End-of-life doula Rebecca Lyons is seeing more clients who are interested in alternative funeral practices. Image: Supplied.

Kirralee Nicolle

11 July 2022

Rising funeral costs are driving Australians to find more affordable options, industry experts say.

Faith-based funeral practices are still largely determined by family culture, but environmental concerns have also begun to impact on people’s choices around cremation, burial or embalming.

Greenhaven Unique Funerals managing director Carly Dalton said that over the past few years, she has seen an increase in requests for cremation due to the expenses involved in a burial.

She also said that the portability of ashes meant that family wanted to have the option of keeping their loved ones nearby.

Ms Dalton also said that the environment was a factor for many considering their own funeral.

“There’s a huge component of the community that want to be more eco-friendly in life and they take it through to death,” she said.

Traditional burials may be a pollution risk. A 2012 study in the Water and Environment Journal found that traditional burials posed “a severe pollution potential” due to leaching of formaldehyde and other chemicals used in the process of embalming the body.

For this reason, many people may be drawn to cremation or alternative burial practices.

But Ms Dalton said that environmentally conscious funeral practices were not always more affordable, and that in fact, an environmentally friendly burial may be more expensive.
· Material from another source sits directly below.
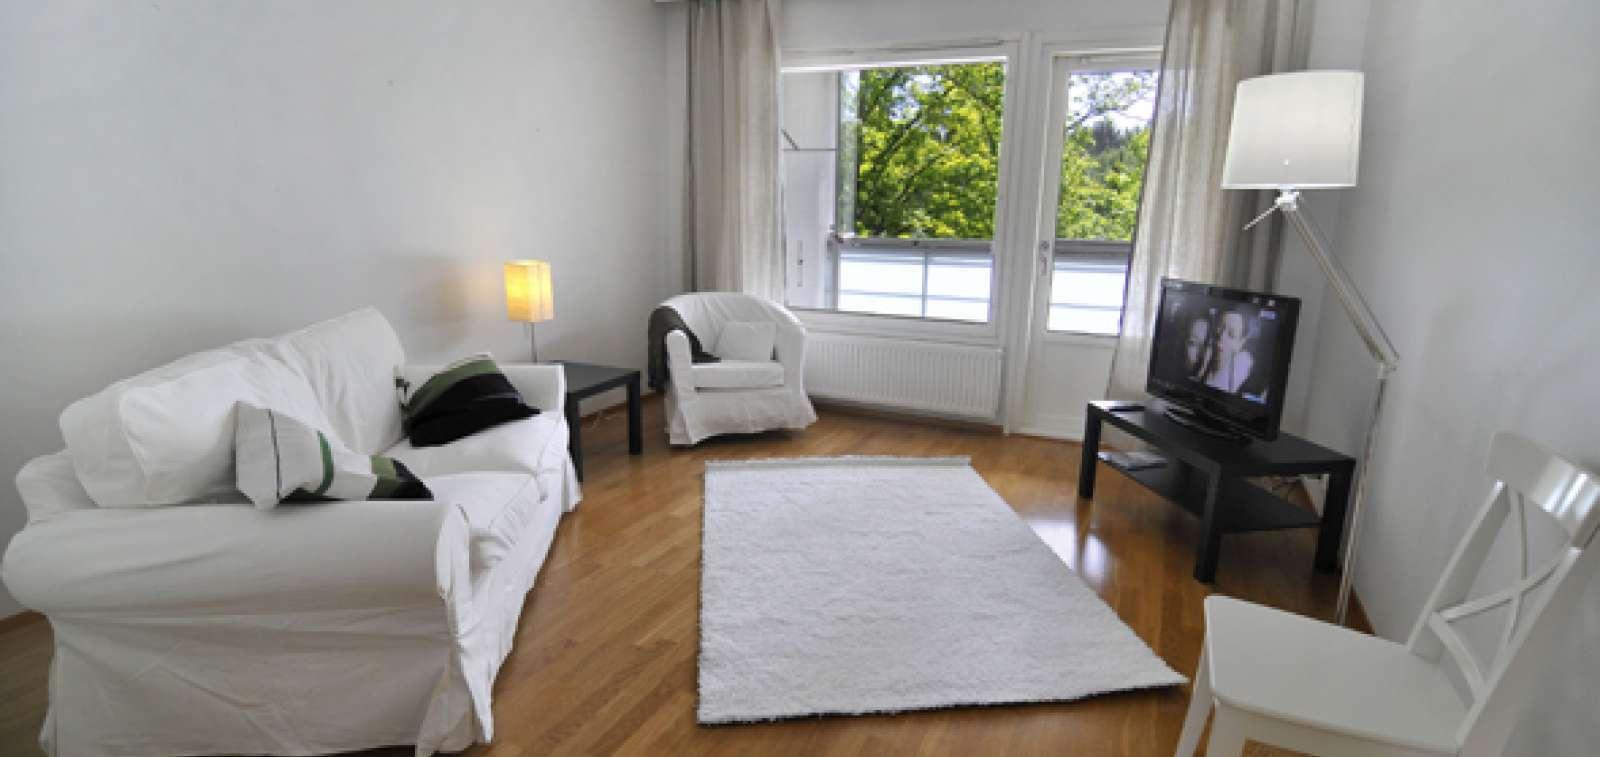 аренда квартиры в финляндии
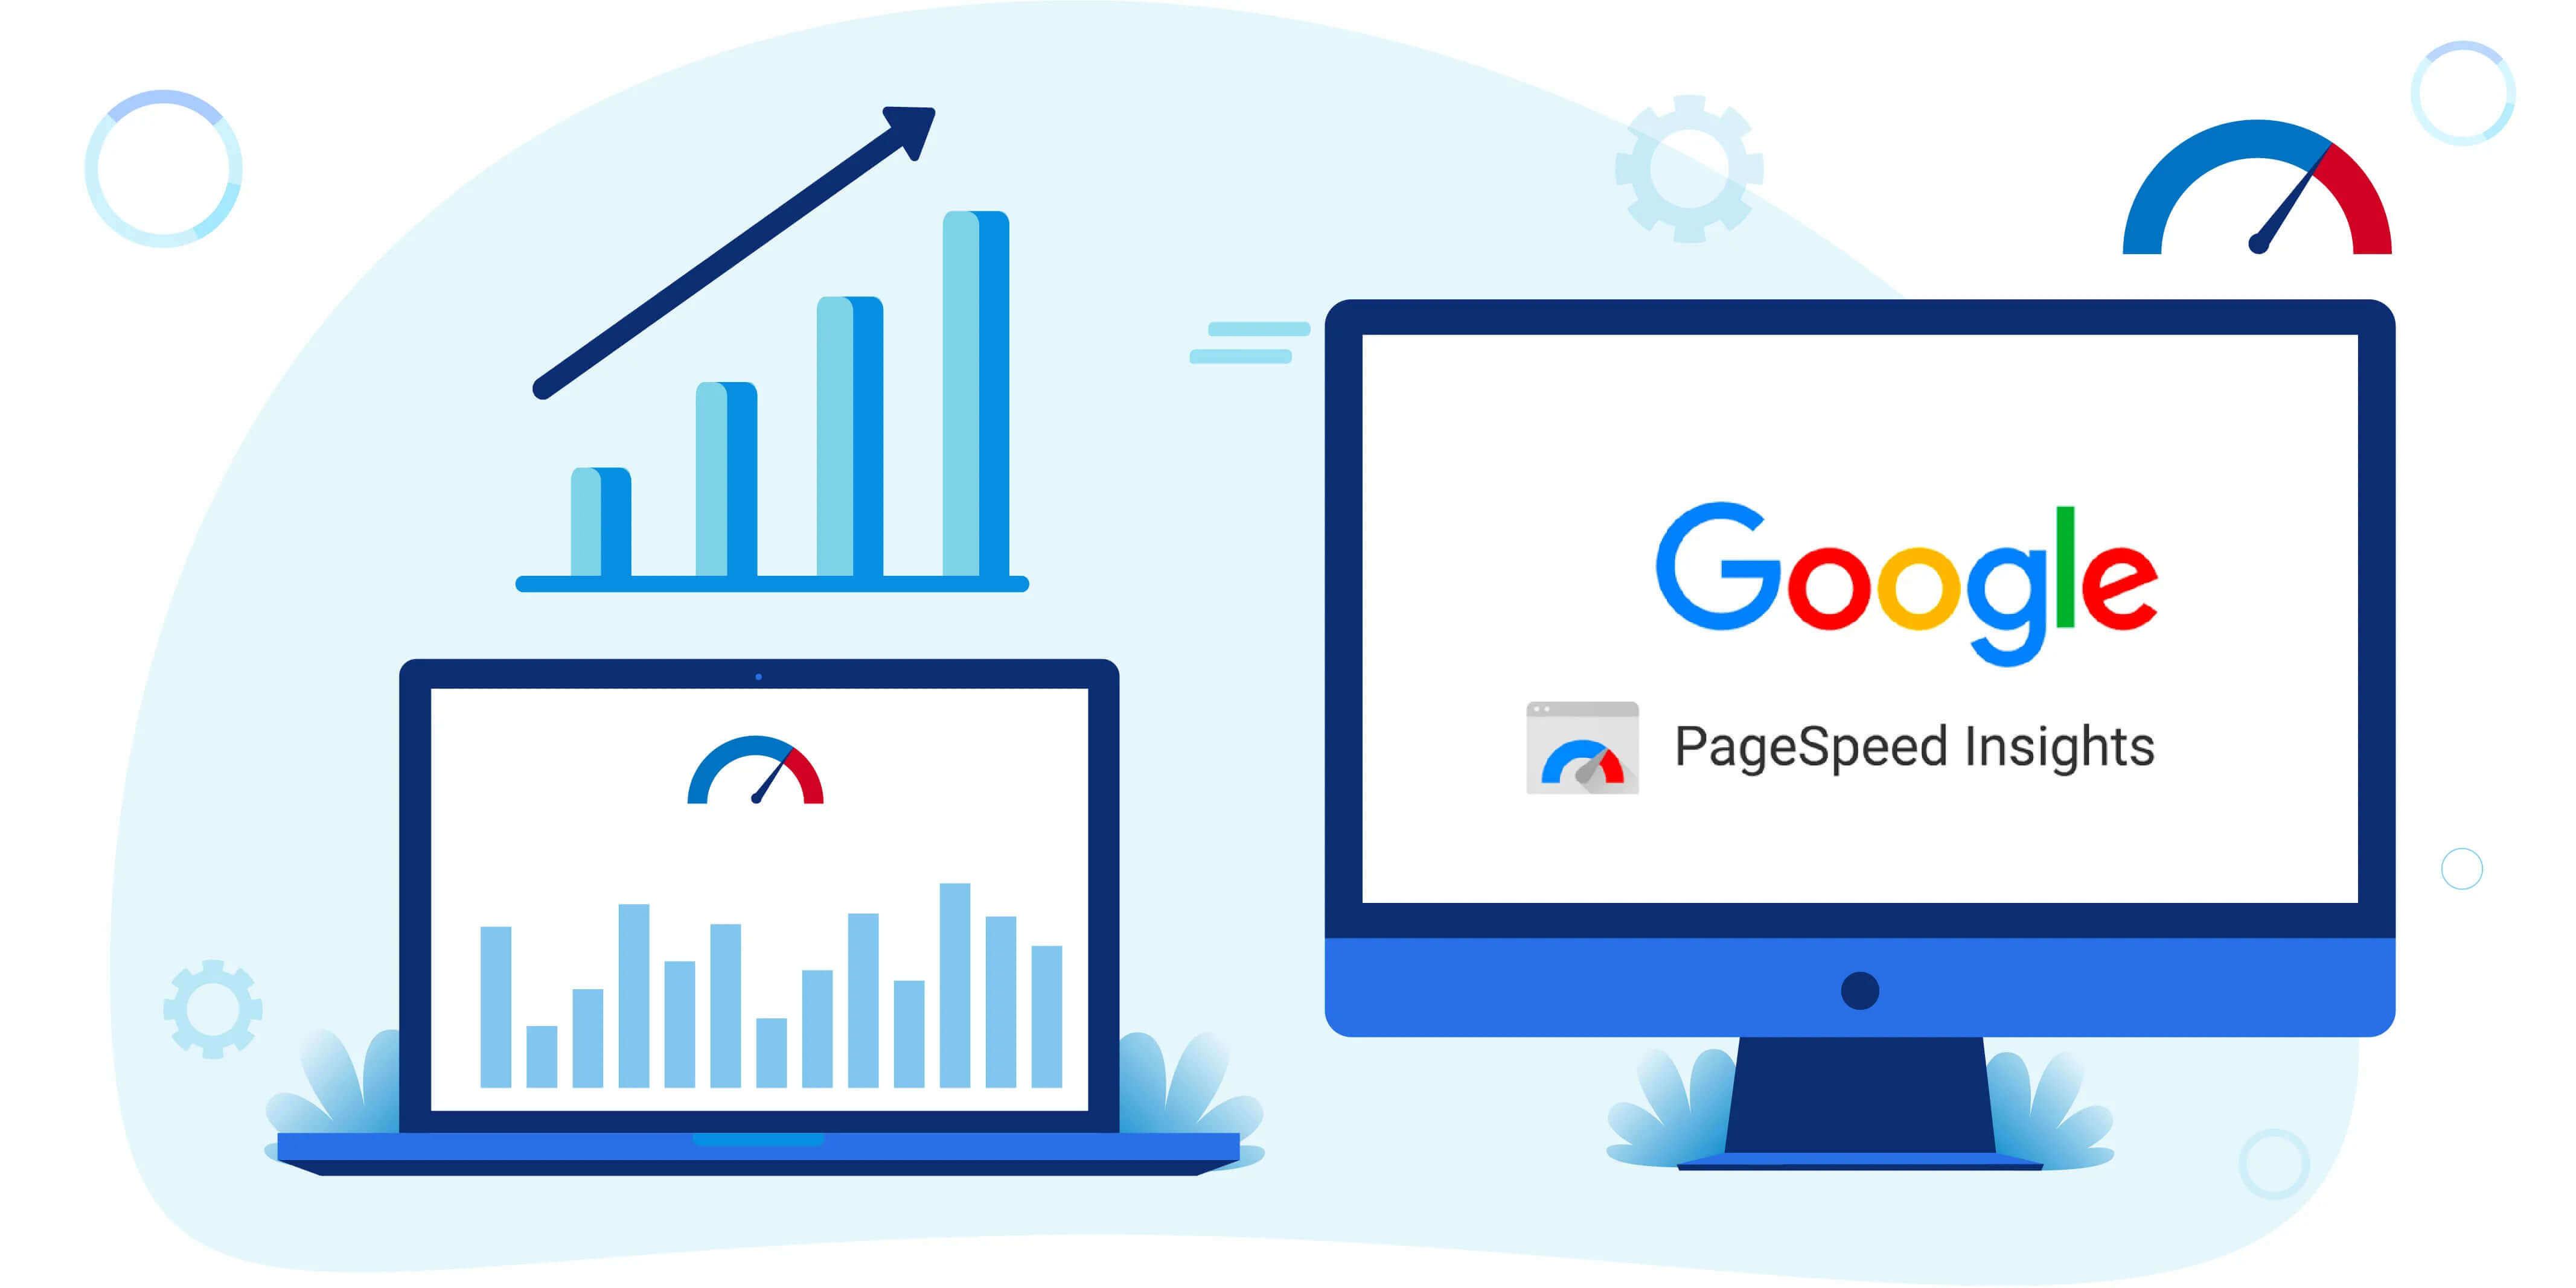 Hướng dẫn tối ưu trên 80 điểm Google PageSpeed cho Wordpress 1 145x100 - Hướng dẫn tăng tốc độ Website trên 80 điểm PageSpeed cho WordPress 2019

Ms Dalton said natural burials, where the body was treated with natural products, dressed in cotton or linen and buried in a shroud or an untreated coffin in an area of bushland ranged vastly in price depending on the location of the burial ground.

But she said that with enough forward planning, those who wanted to be environmentally conscious about their after-life care could find an affordable balance with the right information and assistance.

She said involving family and friends to organise the food and source their own flowers was another more affordable, potentially sustainable option.

“We always say there [are] 50 shades of green [when it comes to funerals and sustainability]. You choose what you want to prioritise,” she said.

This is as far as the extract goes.